Not long after Jesus was born an angel of the Lord appeared to Joseph again in a dream. The command this time was simple but it was direct and urgent. “Get up, and take the boy and his mother to Egypt and don’t come back until I tell you it is ok, for King Herod in his wickedness is searching for the child in order that he might kill him”. So Joseph arose in the middle of the night and departed to Egypt. Joseph in the course of a year or two had encountered the angel of the Lord twice and each time he had been called to radical action that altered his ordinary ambitions and asked him to do something strange and uncomfortable.

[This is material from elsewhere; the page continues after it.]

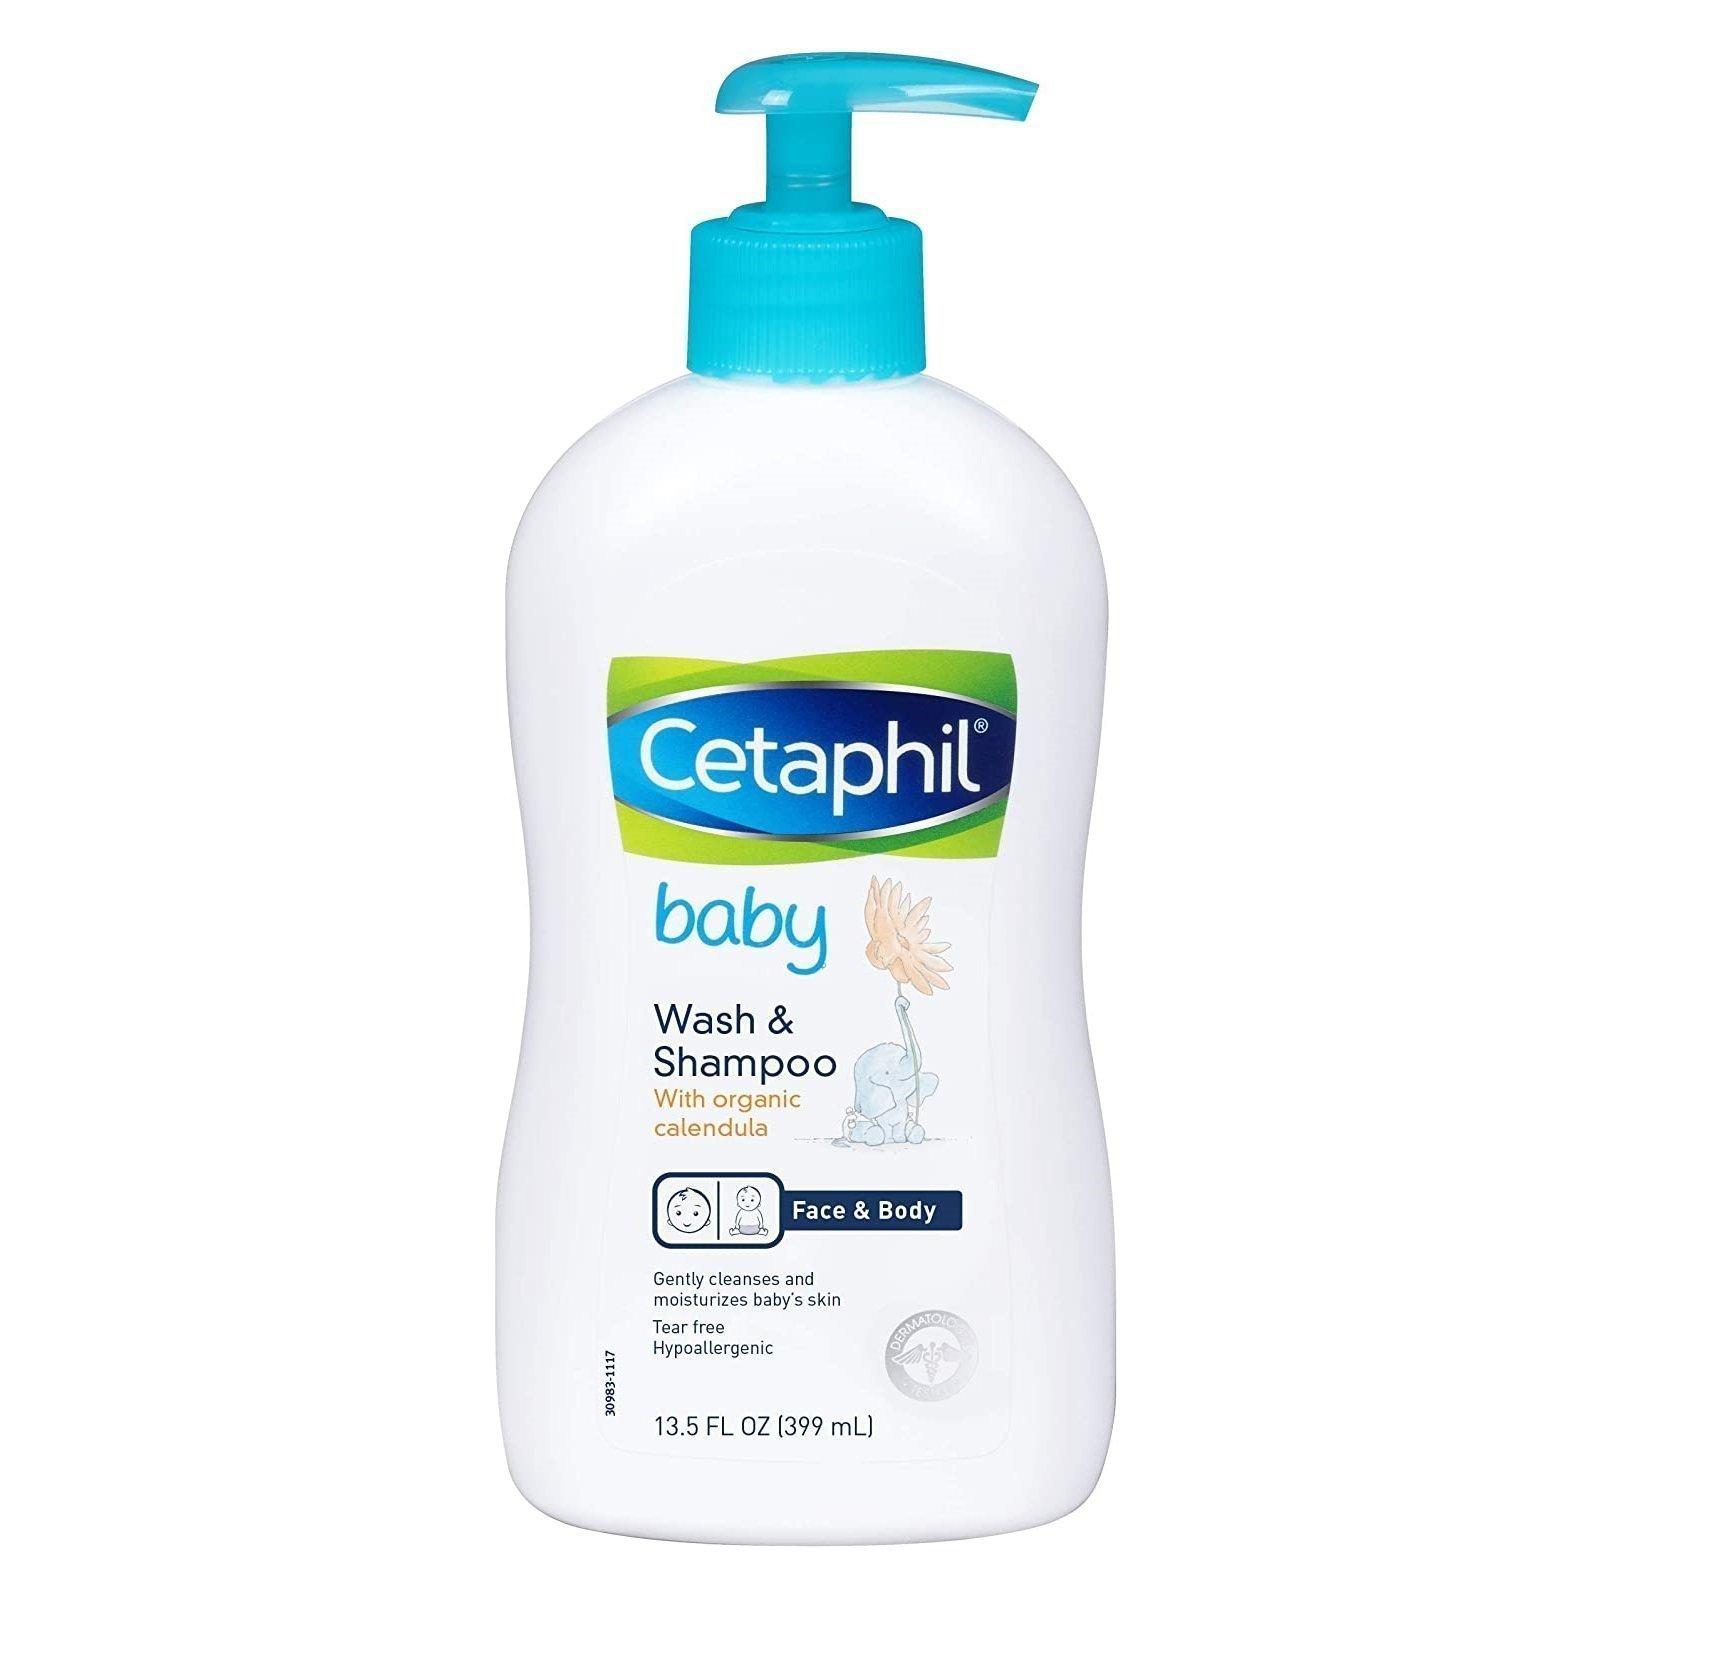 Cetaphil Baby Wash & Shampoo with Organic Calendula 13.5 FL OZ

What he was being asked to do was helping fulfill the words of the Lord spoken by the prophets but it was greatly changing his life. I think it is true that obeying the commands of God always push us to do and be something different than we ourselves had planned for our lives.

 

Joseph and his family lived maybe two years in Egypt. Then one night an angel of the Lord awoke Joseph again in a dream and said “you can go back to Israel now. Herod has died and it is safe to go home”. So he arose and went back to Israel. But once you have been gone from home, going home is never the same. When Joseph got back to the borders of Israel he discovered that Herod’s son Archelaus was ruling over the region of Judea and he was as bad as his father. Once again he received a message from God in a dream and he had to alter his plans of going back to his original home and instead went to the region of the Galilee. There Joseph and Mary set up housekeeping in a city called Nazareth. My guess is they were never quite at home. The people of the region of Galilee probably looked upon them as outsiders. But there Jesus and his brothers and sisters grew up. In that area Jesus developed his trade. Within the small parameters of that region Jesus brought forth His teachings, called His disciples, and developed His ministry. It all happened like this so that the words of the prophets could be fulfilled; the Messiah “would be called a Nazarene”.

 

One of the lessons this teaches us is the importance of obedience. A simple young man named Joseph, in the midst of stress and confusion, heard the voice of the Angel of the Lord and obeyed. Maybe he argued a little bit, but we do not have any record that he did. What the record states is that he obeyed even though it may have meant ridicule, added stress and increased responsibilities, making uncomfortable journeys, and the loneliness of living in strange places. He obeyed even though it greatly altered his life. He obeyed because he believed the voice of God was trustworthy and that heeding that voice would lead to the will of God being fulfilled.

 

God communicates to us in a lot of ways. We never know what method he might use. It might even be through an angel. But I wonder, if God gives a directive to us, will we obey? Will we follow His instructions even if doing so calls us to unusual and even radical actions? Will we do it believing that our obedience leads to the fulfilling of God’s ultimate will?